Certainly, we all come to terms with these tasks. They serve a valid purpose: efficiency, accountability, uniformity. They're like a pledge you have to accept, in order to remain in your organization or profession. The trick is to minimize the toll they take as much as possible. The more time these tasks occupy, the faster an insidious disenchantment sets it.

I'm not saying session notes is what led me to retirement, but not having to spend any time on them has felt like an extra serving of my time.

Alas, I received my final paycheck on Friday. This was it. No longer on payroll, email, or Zoom, and no longer an authorized library user.
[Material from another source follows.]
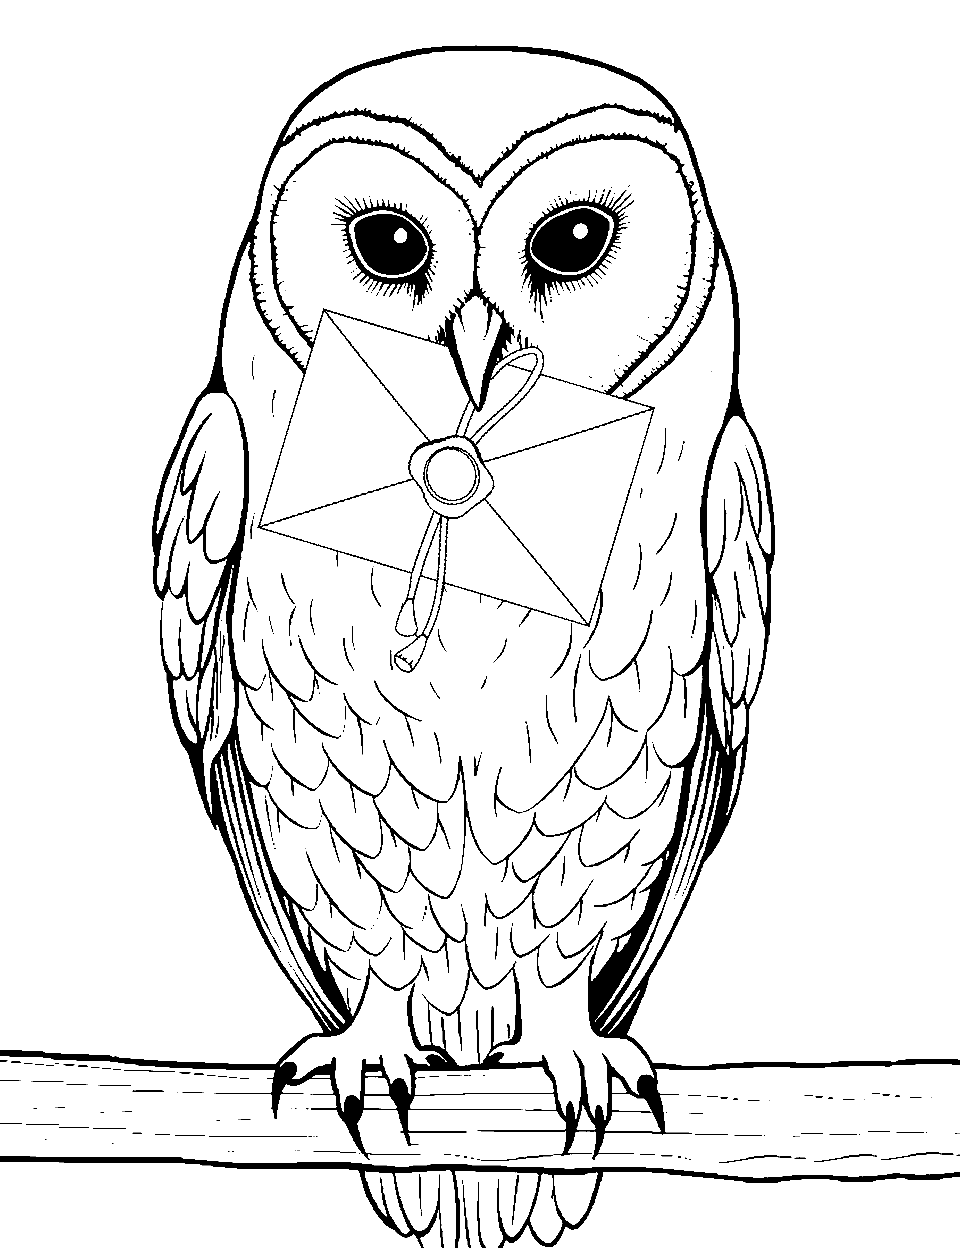 Owl Inspired by Harry Potter Coloring Page - An owl resembling the one from the Harry Potter series, with a letter in its beak.

I am completely out of the "club" now.

I will miss the FIU library and everything it offered; all that information is really empowering! I enjoyed using Zoom with clients and one or two times used it for meetings with friends or family. I valued having the SBDC-branded email—it carried more weight than my personal email.

But it's alright. I plan to visit the public library to explore its databases and will check the cost of an individual Zoom subscription. My PowerPoint client

is interested in continuing our work, at his own expense rather than free through SBDC, so I will stay in touch with him through my personal email.

Heck, helping him and watching him succeed on his first business was highly rewarding, so I'm up for it. Plus I'm out of the club now, so I don't have to enter session notes.